The present invention relates to a speech recognition apparatus for recognizing input speech and its method, and a program.
The conventional implementation of the speech recognition technique is typically conducted by creating a program. In recent years, however, implementation of the speech recognition technique is conducted by using a hypertext document such as VoiceXML. As described in Japanese Patent Applications Laid-Open No. 2001-166915 and No. 10-154063 in the VoiceXML, only speech is basically used as input and output means (strictly speaking, DTMF or the like is used). However, it is also contrived to use a hypertext document not only for speech inputting and outputting but also for description of a UI using GUI as well.
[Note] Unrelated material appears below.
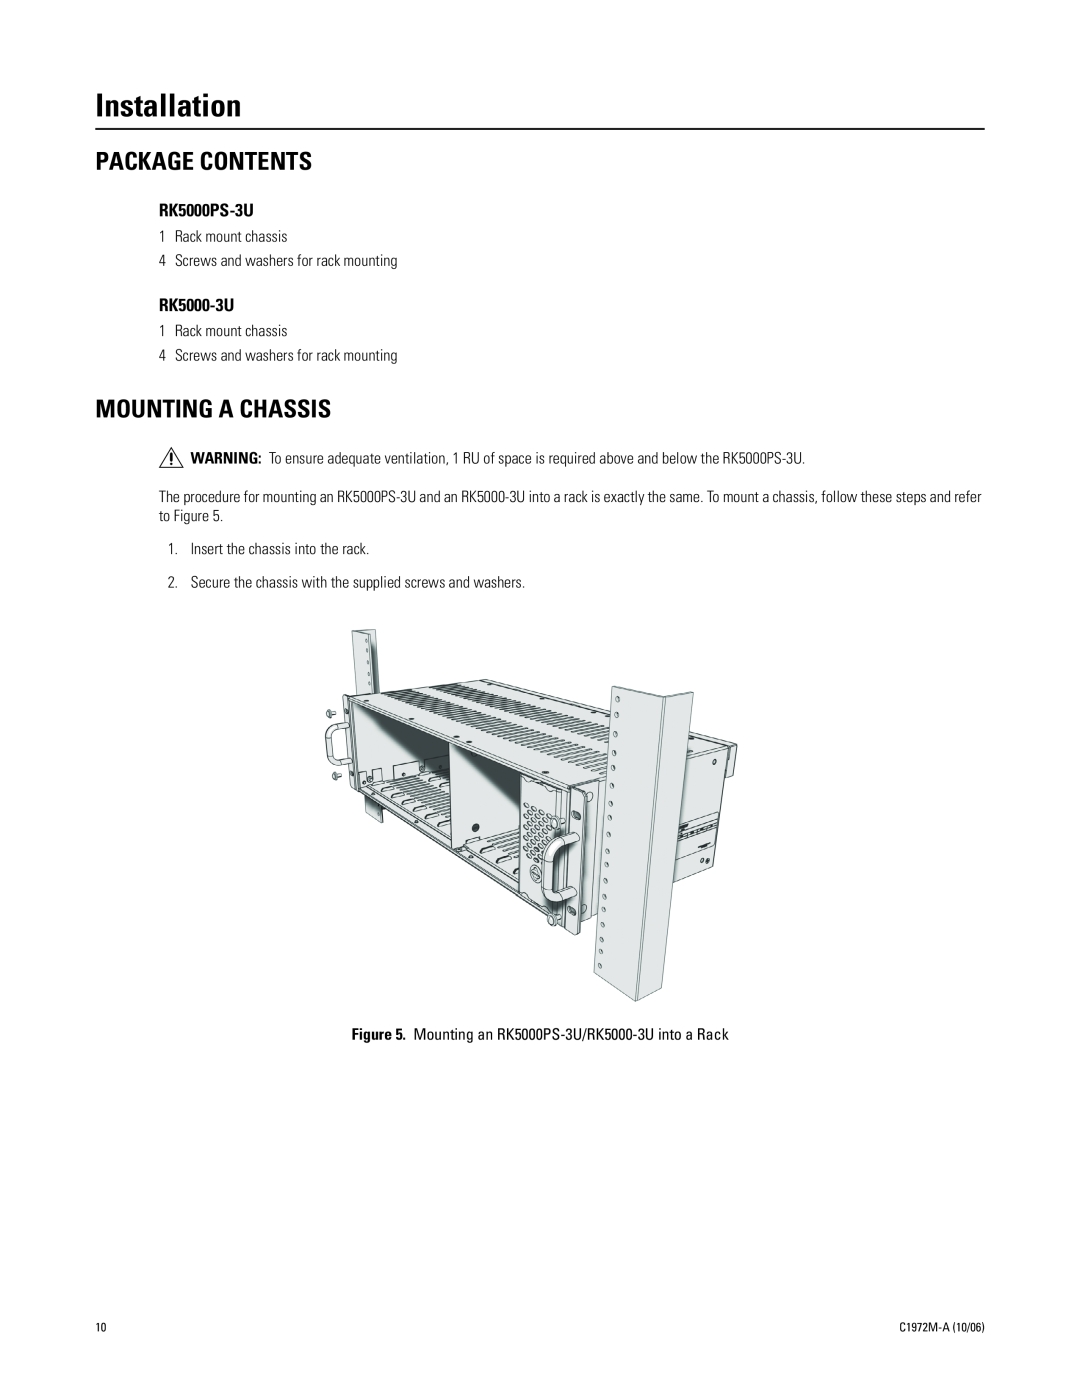 Pelco RK5000-3U manual Installation, Package Contents, Mounting A Chassis, RK5000PS-3U 
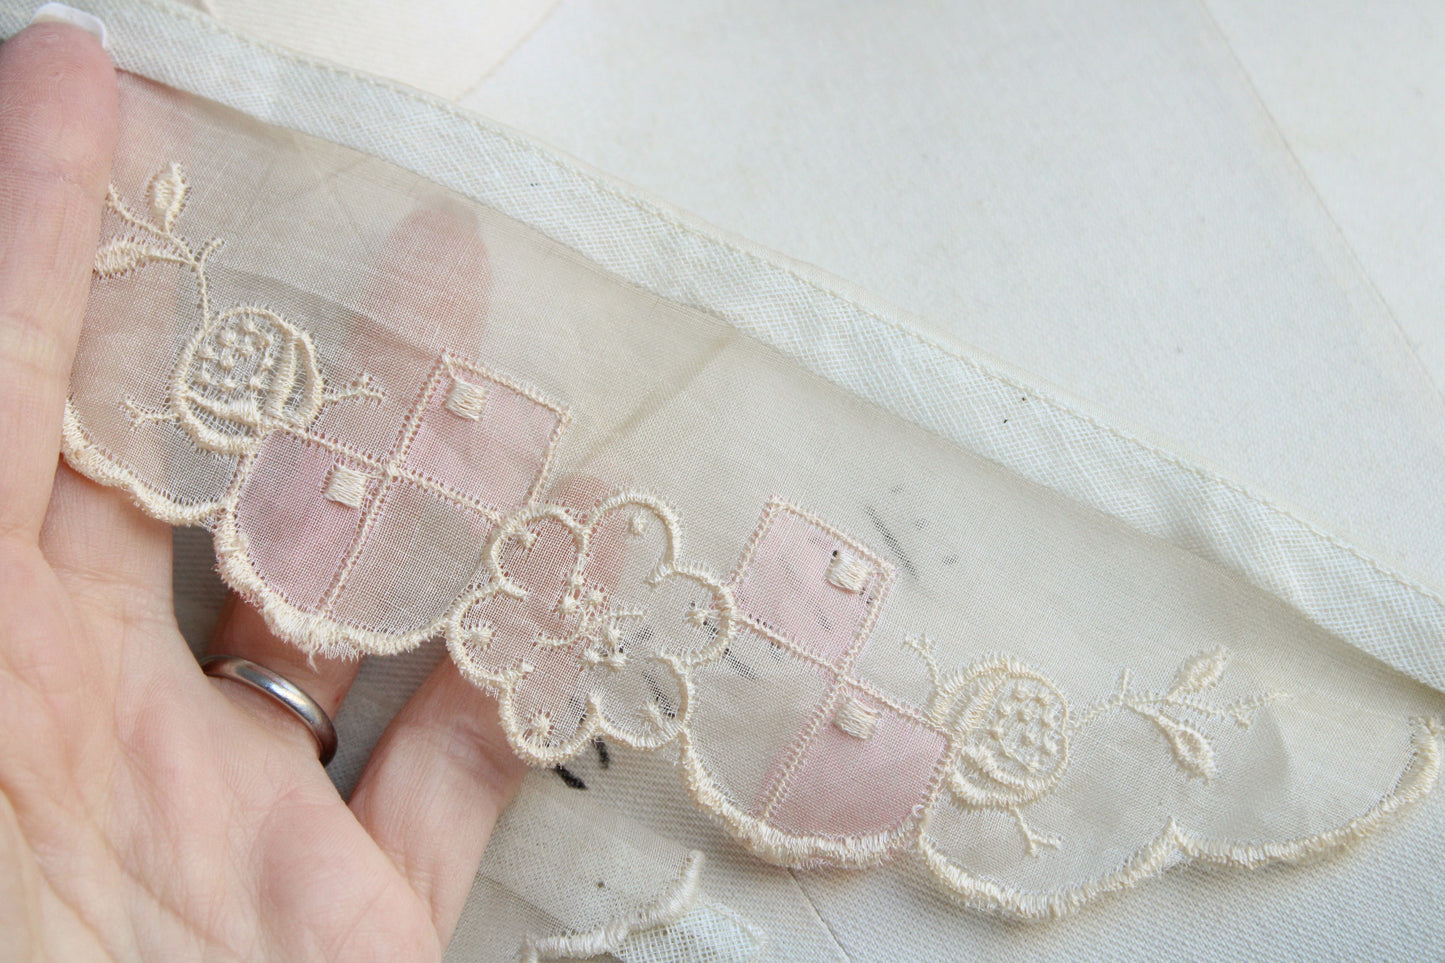 Vintage 1920s 1920s Embroidered Cuffs

In such a scheme, a markup language such as HTML is used for description of GUI, and in addition, some tags corresponding to the speech input and speech output are added in order to make possible speech inputting and outputting.
On the other hand, in the so-called multi-modal user interface using GUI with the speech inputting and outputting, it becomes necessary to describe how modalities, such as speech inputting using speech recognition, speech outputting using speech synthesis, inputting from the user using GUI, and presentation of information using graphics, are linked. For example, in Japanese Patent Application Laid-Open No. 2001-042890, there is disclosed a method in which a button is associated with an input column and a speech input and depression of the button causes the associated input column to be selected and a speech recognition result to be input into the column.
In an apparatus according to Japanese Patent Application Laid-Open No. 2001-042890, however, selection of any one item with a button can cause speech to be input into an input column associated therewith. It has a feature that in speech recognition not only words but also free speech such as a sentence can be input. For example, if one utterance “From Tokyo to Osaka, one adult” is conducted in a ticket sales system using the multi-modal user interface, then four pieces of information in the one utterance, i.e., a departure station, a destination station, a kind of a ticket, and the number of tickets can be input in a lump.
Furthermore, it is also possible to utter them separately and input them. When it is attempted to associate such a continuous input with an input column of GUI, association having a degree of freedom becomes necessary. For example, it is necessary that one utterance is not limited to one input column, but it fills a plurality of input columns simultaneously. The above described proposal cannot cope with such an input method.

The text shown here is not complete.